Implications for policyholders/clients:
Below we have summarised the key changes in the law covering disclosure, warranties and fraudulent claims.
Disclosure: “Duty of Fair Presentation of Risk”
The Act amends the existing duty on the insured to disclose any fact material to the risk.
Considerations for policyholders:
- The duty applies to both pre-inception disclosure and where changes in risk are relevant to a proposed variation in the insurance contract;
- The insured must disclose every material circumstance they know or ought to know including:
- what is known by senior management of the insured;
- what is known by those persons responsible for organising the insurance for the organisation;
- what ought to be known in the ordinary course of business;
- what can be revealed by a reasonable search of information available to the insured.
- Where material information is not known by the insured, sufficient information for a prudent insurer to know to make further enquiries must be provided;
- Information must be presented in a reasonably clear and accessible manner, to include a relevant structuring of information;
- The insured has a duty to not make misrepresentations;
- A range of proportionate remedies are available to the insurer in the event of a breach of disclosure:
- Deliberate or reckless breach:The insurer can avoid the contract, refuse all claims and retain the premium;
- Careless breach (not deliberate or reckless):If the insurer would not have entered into the contract, the insurer may avoid the contract, refuse all claims and return the premiums paid. If the insurer would have entered into the contract, but on different terms, the contract is to be treated as if on those terms from the outset.
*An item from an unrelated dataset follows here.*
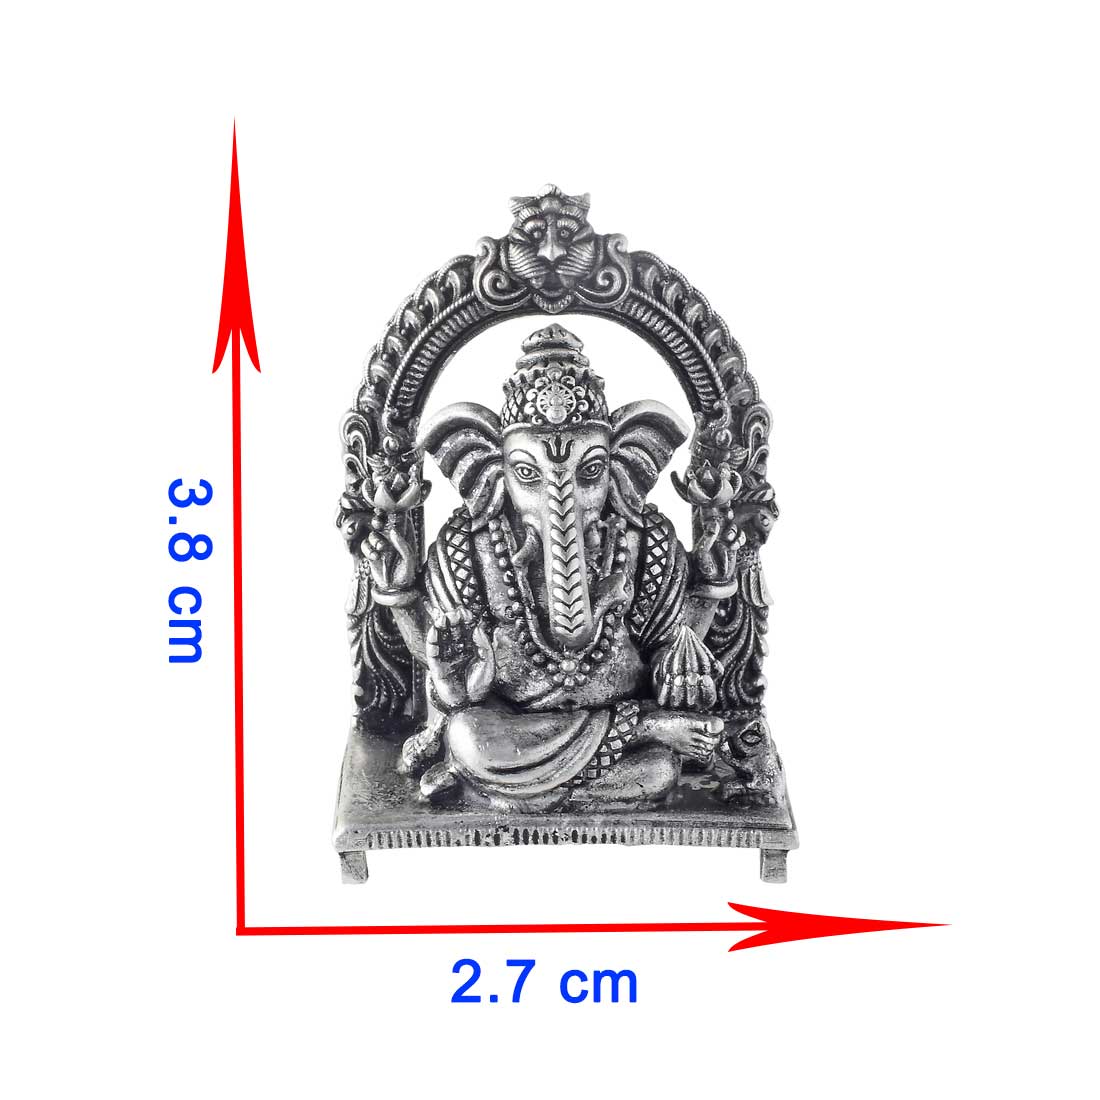 size of ganesh idol

If the insurer would have entered into the contract at a higher premium, the insurer may proportionately reduce the amount to be paid on a claim.
Warranties: “Suspensive conditions”
The Act amends the existing rules where even minor breaches of warranties can provide insurers with a defence to a claim.
Considerations for Policyholders/Clients:
- Warranties will become “suspensive conditions” meaning insurers will only be able to avoid liability if the insured was in breach of the warranty at the time of loss;
- Once the breach is remedied (including where an insured takes an action later than a time limit stated in a warranty), liability will be restored;
- Basis of contract clauses will be abolished. Therefore, any warranties in the policy must be expressly agreed as a warranty between the insured and the insurer;
- In the event of a claim, an insurer cannot avoid liability based on the breach of any warranty or term where the breach could not have increased the risk of the loss. However, this does not apply to terms which define the risk as a whole.
The Act provides clarity over the remedies for insurers in the event of a fraudulent claim by the insured.
Considerations for members:
- Where the insured has committed a fraud in relation to a claim:
- the insurer will have no liability to pay the claim;
- the insurer can recover any payments already made in relation to the fraudulent claim;
- the insurer can terminate the contract from the time of fraud, and refuse to pay claims for losses occurring after the fraud;
- the insurer does remain liable for all claims for losses suffered before the fraud;
- the insurer can retain premiums already paid.
- In group policies the above applies, but only with regards to the fraudulent claimant, therefore innocent members of the group policy are not prejudiced.
Next steps for clients
There has been an 18-month implementation period so the law will not come into force until 12 August 2016. However, this means there is just one renewal cycle left before the Act becomes the default regime for placement of commercial contracts in the UK. Clients must therefore start preparing now to ensure they are ready for the implementation date.